- _DATA FOR PROCESSING_:
========================================
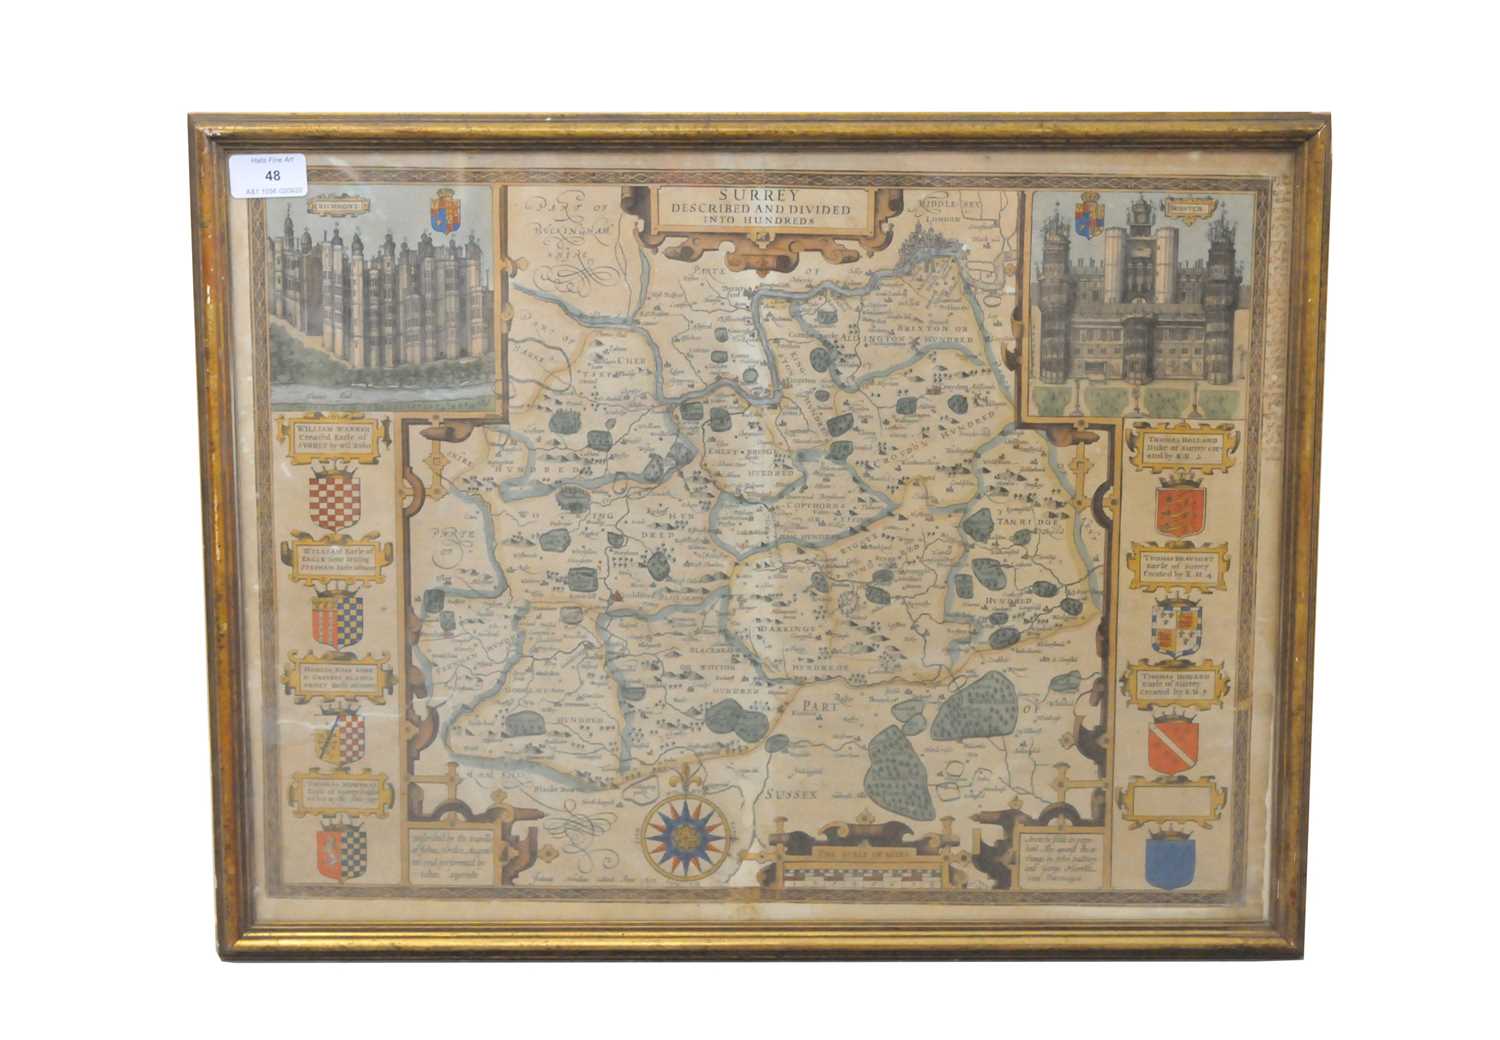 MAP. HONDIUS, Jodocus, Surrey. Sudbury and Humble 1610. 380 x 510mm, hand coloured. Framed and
========================================
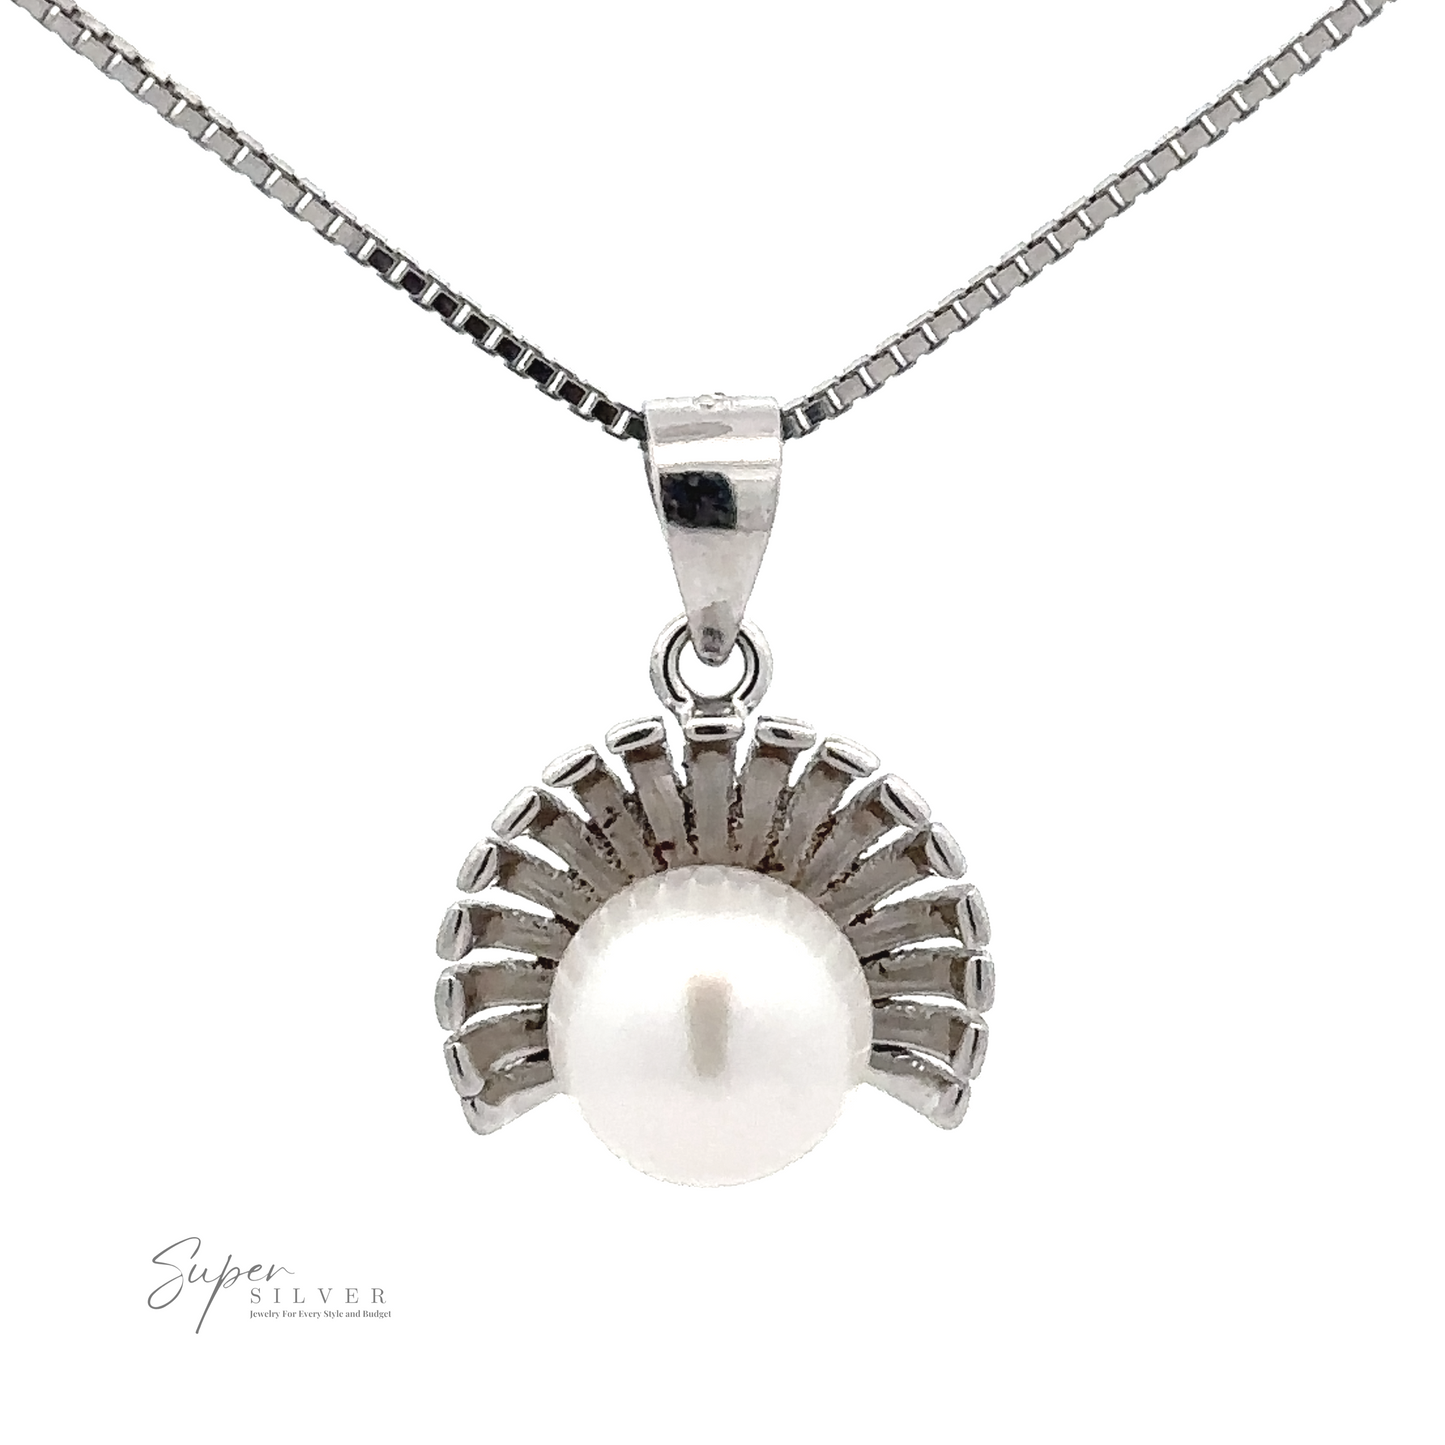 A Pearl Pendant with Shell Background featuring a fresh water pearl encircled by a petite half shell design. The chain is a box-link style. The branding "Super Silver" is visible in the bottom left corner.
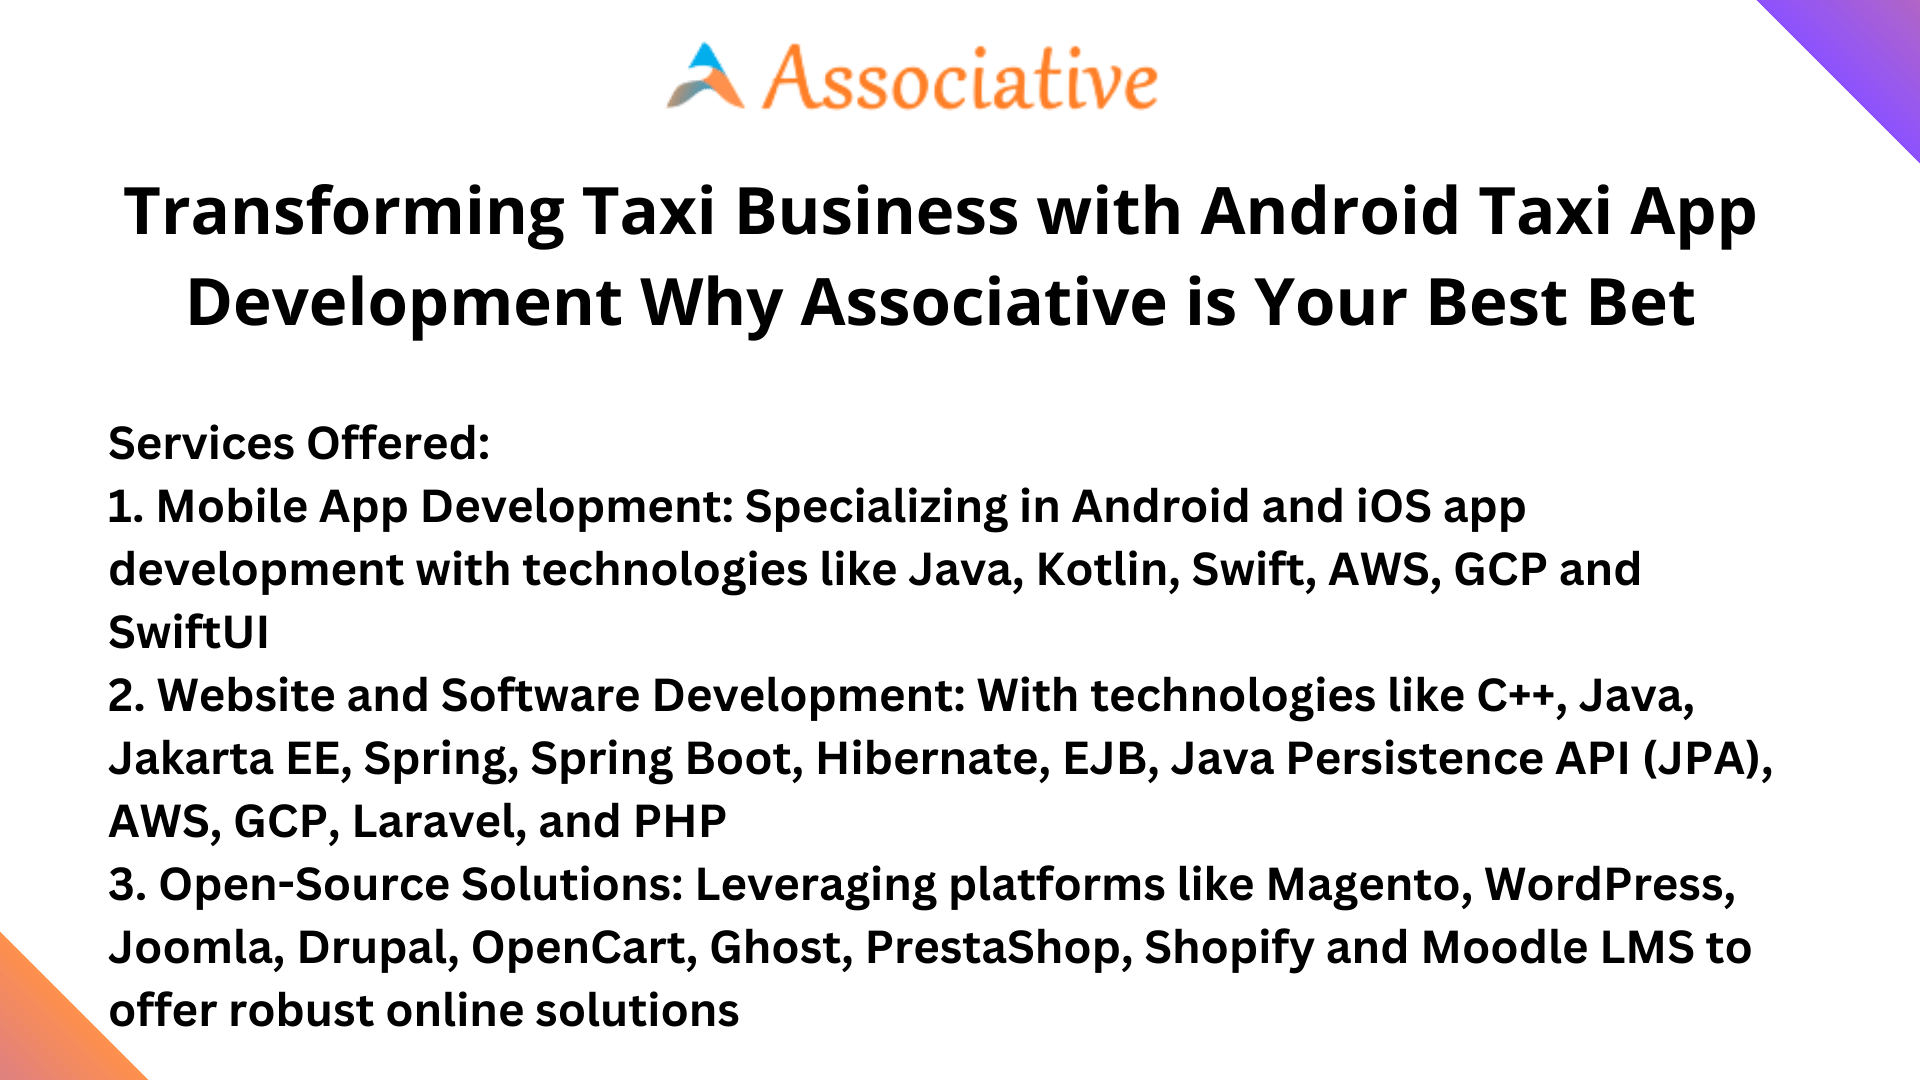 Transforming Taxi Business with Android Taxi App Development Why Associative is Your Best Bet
========================================
Although the records above contain pictures, the copy should not; retype exactly the lines from the one containing "A Pearl Pendant" through the one containing "Transforming Taxi Business".

- _PROBLEM SOLUTION_:
 A Pearl Pendant with Shell Background featuring a fresh water pearl encircled by a petite half shell design. The chain is a box-link style. The branding "Super Silver" is visible in the bottom left corner.
 Transforming Taxi Business with Android Taxi App Development Why Associative is Your Best Bet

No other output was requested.